The theatre was founded by David Kincaid, Michael Bottle and Peter Rocca; Kincaid and Bottle took the leads roles in its first production, of the Chekhov pieces On the Harmful Effects of Tobacco and Swansong. It opened in 1992 and is a registered charity.

The Brockley Jack Theatre's programming is a mix of established works and new writing, produced by in-house company Southside Arts and by visiting theatre companies, plus comedy and music nights and regular work-in-progress "scratch" shows. It runs workshops to support new playwrights, hosts the Brockley Jack Film Club and produces an annual festival of new plays, Write Now, supported by Lewisham Council.

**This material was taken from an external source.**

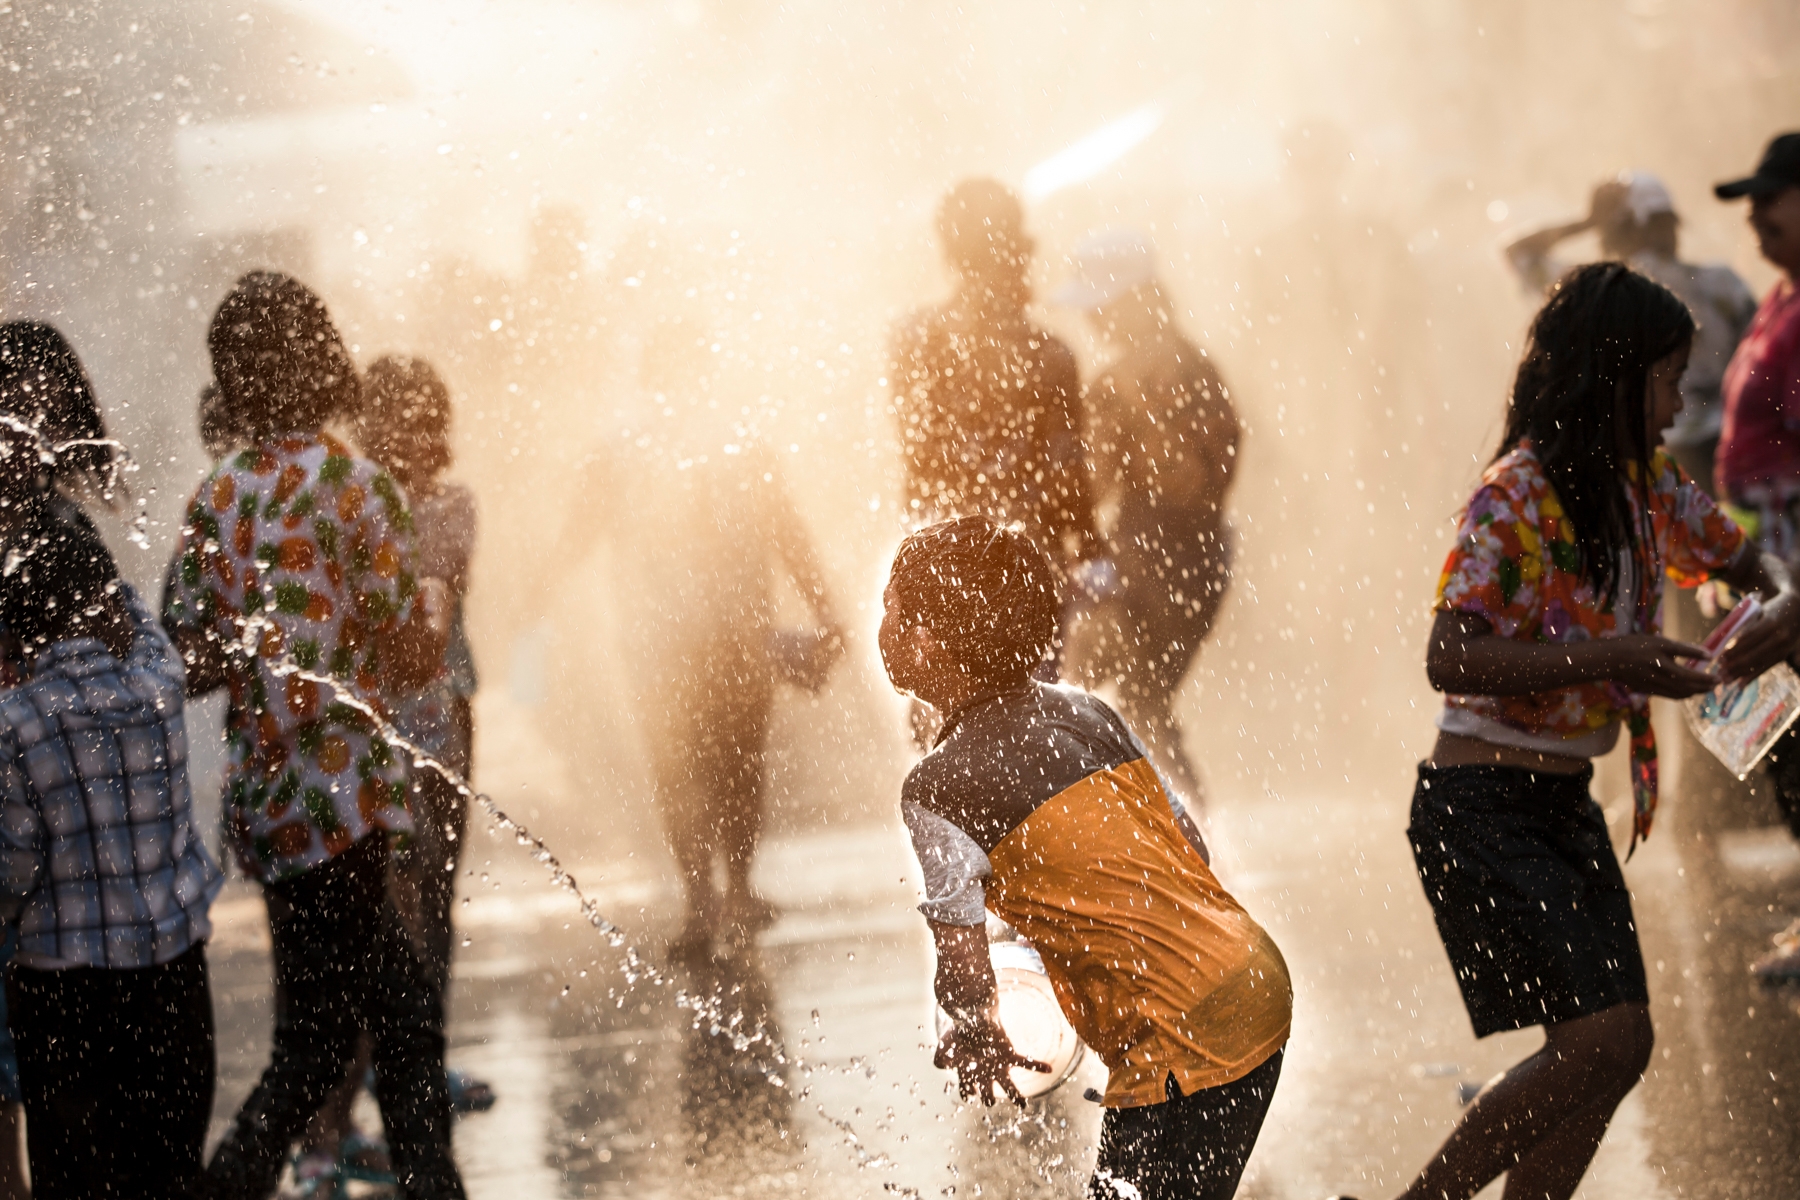 Have a joyful experience while taking in the splash of water on the streets of Bangkok

The theatre's artistic director is Kate Bannister. Mike Burnside was the initial artistic director and Rhys Thomas held the post from 1996 to 1999. The Brockley Jack Theatre's associate companies are OutFox and Bruce Farce; previous associate companies include The Faction Theatre Company.

==Awards==
- Mick Martin's play The Life and Times of Young Bob Scallion, which premiered at the Brockley Jack Theatre, won the TAPS/BAFTA Best New Play Award 1998.
- Kate Bannister and theatre manager Karl Swinyard won the Best Venue Directors category at the Fringe Report Awards 2011.
- 2011 Offie for 'Best Foodie Experience' (South East London).
- 2013 Offie for 'Most Welcoming Theatre' (South East London).
- 2014 Offie for 'Most Welcoming Theatre' (South East London).